Пакетик оттягивал карман, толкался и пытался вылезти наружу, умоляя взять себя в руки, открыть, проделать ряд несложных манипуляций — и столько всего обещая взамен…

Бля, такой план был гладкий — сесть вдвоем, отметить Рождество, Генке налить чего-нибудь, специально вискаря купил и пива мексиканского, Кореец при нем в Штатах пил эту «Корону». А самому нюхнуть — при нем, естественно, в конце концов не пацан же, имеет право. Да Генка бы и не сказал ничего, праздник — дело святое, каждый отмечает, как хочет: кто вискарь глушит, кто коксом балуется.

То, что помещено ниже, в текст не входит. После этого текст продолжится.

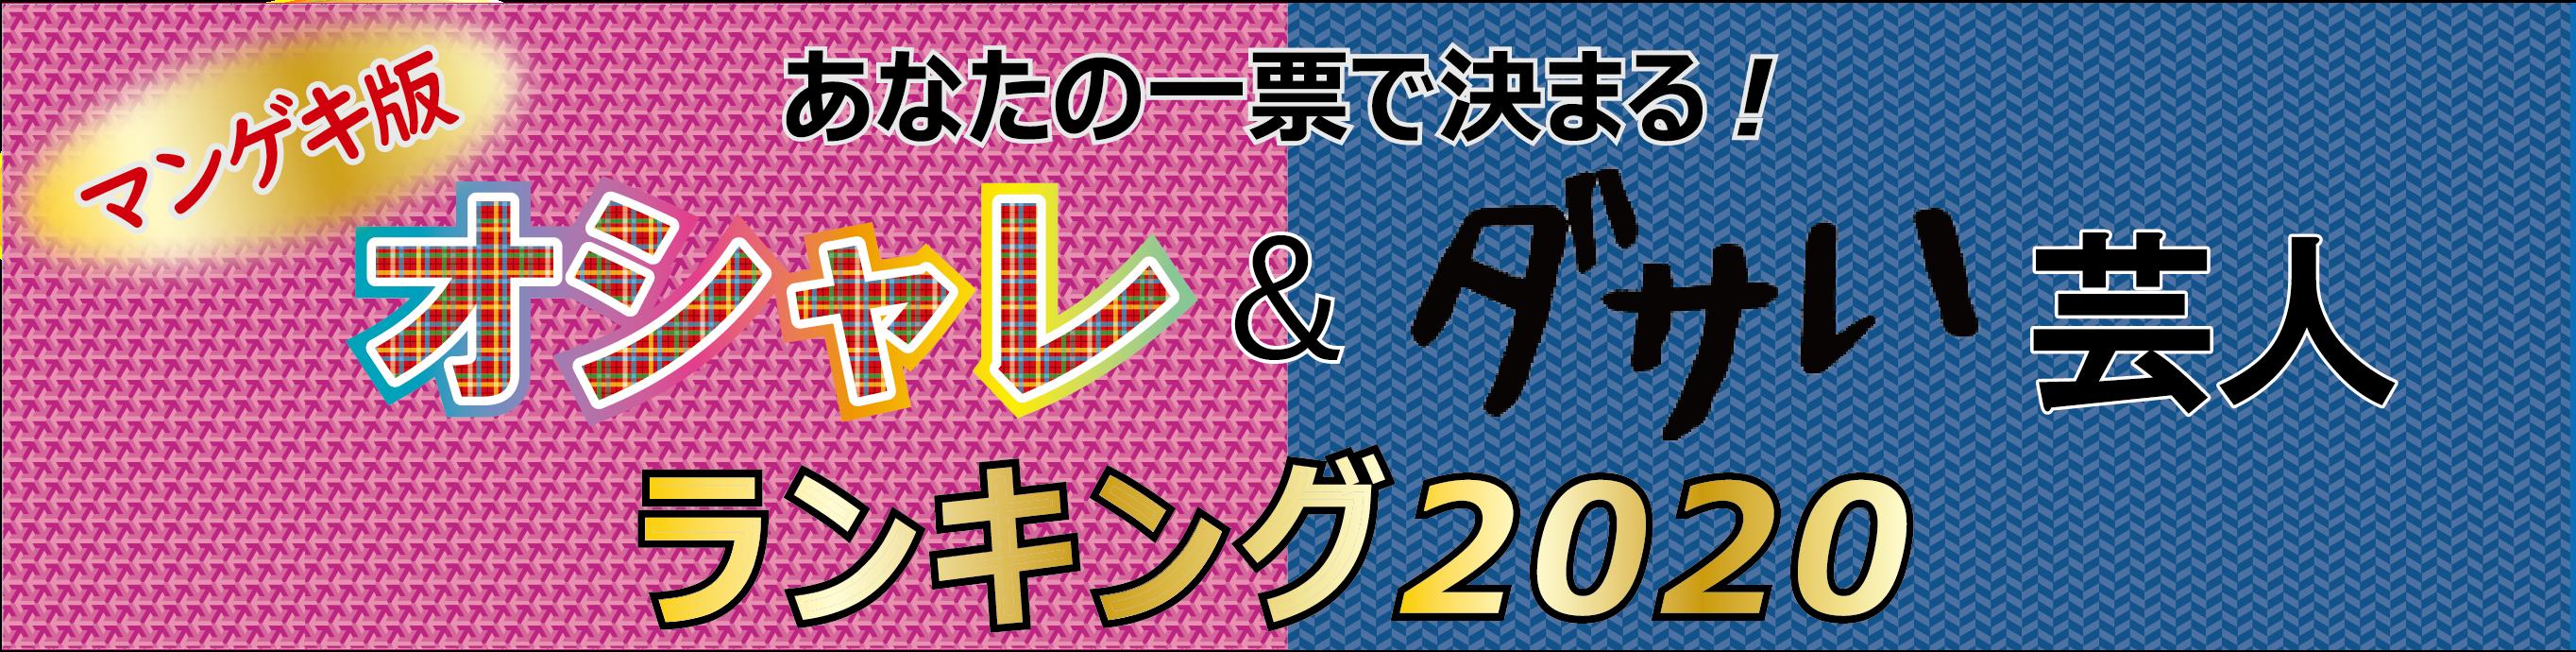 ランキング 芸人 2020 イケメン

Да хер с ним — может, пиво ему можно. Все равно отметим. Он успокоился, сказав себе это, быстро переоделся в спортивный костюм, аккуратно повесив цивильную одежду в шкаф. Неплохой домик — семь комнат, пристройка, где еще человек пять нормально жить могут. Купил бы себе — а чего, сбил бы цену, взял бы запросто, дом супер, место классное. Может, и имеет смысл — но потом, после всего. Сначала надо, чтобы Кореец на ноги встал, — а то пива ему покупаешь, а он, оказывается, от головной боли подыхает молча.

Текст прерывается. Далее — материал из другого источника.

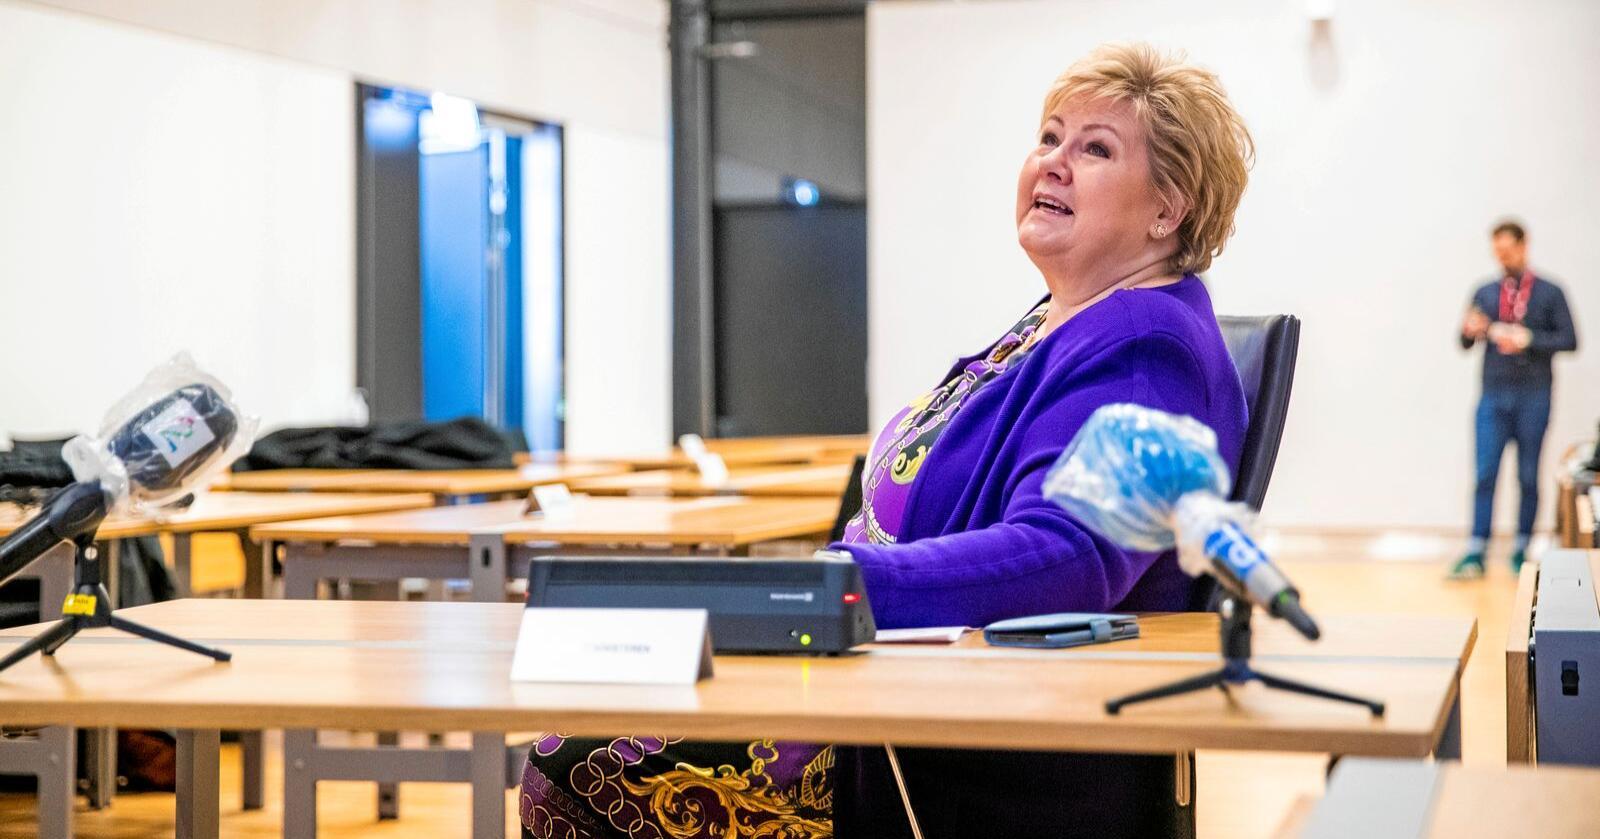 Statsminister Erna Solberg og Høyre opplever framgang på Norstats gallup etter utbruddet av koronaviruset i Norge. Foto: Håkon Mosvold Larsen / NTB scanpix

Андрей покачал головой, думая о приятеле — о друге даже. Сколько лет они уже рядом — считай, семь, даже восемь. Точно, в восемьдесят девятом и познакомились. Он как раз год назад из армии вернулся, Андрей, и маялся дурью, не зная, чем заняться. Отдыхал, короче, компенсировал два года армейской жизни. Попал ту да как идиот, в двадцать два года уже — а все отец, отказался помогать. Обиделся, видите ли, что сына выперли из института. Чего говорить, он старался, отец, — сначала в МГУ устроил на исторический, откуда отдыхающий по жизни Андрей Семенов вылетел, не сдав вторую сессию, а потом в историко-архивный. Три года кое-как протянул — а потом вышибли-таки, хорошо хоть третий курс засчитали, отец столько бегал, подмазывал кого-то, хотел, чтобы пусть хотя бы будет неполное высшее, с которым можно поступить куда-то еще. Не понимая, что сыну учиться лень.

Да разве до учебы тут, если надо перетрахать всех смазливых однокурсниц, которые сами рады залезть с ним в койку, и выпить как можно больше? Когда ходить в институт, если утром хочется спать, а днем поехать к очередной подруге — или вечером, предварительно посидев в каком-нибудь кабаке с приятелями?

Веселое было время, чего говорить, и не верилось, когда отец, разозлившись, заявил, что больше помогать не будет. Что ему еще делать, как не помогать единственному сыну и не снабжать того деньгами? Папа профессор, мама доцент, зарабатывали дай Бог — это сейчас он им подкидывает, а тогда они могли еще пятерых детей завести и жить не бедно. Трехкомнатная квартира на Юго-Западе, гигантская по тем временам, новенькие «Жигули», постоянные загранкомандировки отца, чеки в «Березку». Так что не верилось, когда отец — после того как пристроенный на факультет журналистики сынок ни разу не появился в университете, увлеченный романом с новой пассией и пьянками, и был изгнан как не допущенный до сессии — вдруг заявил, что больше ничего делать не будет. Сыну уже двадцать два, а в голове ветер — пусть армия научит жизни, авось поумнеет.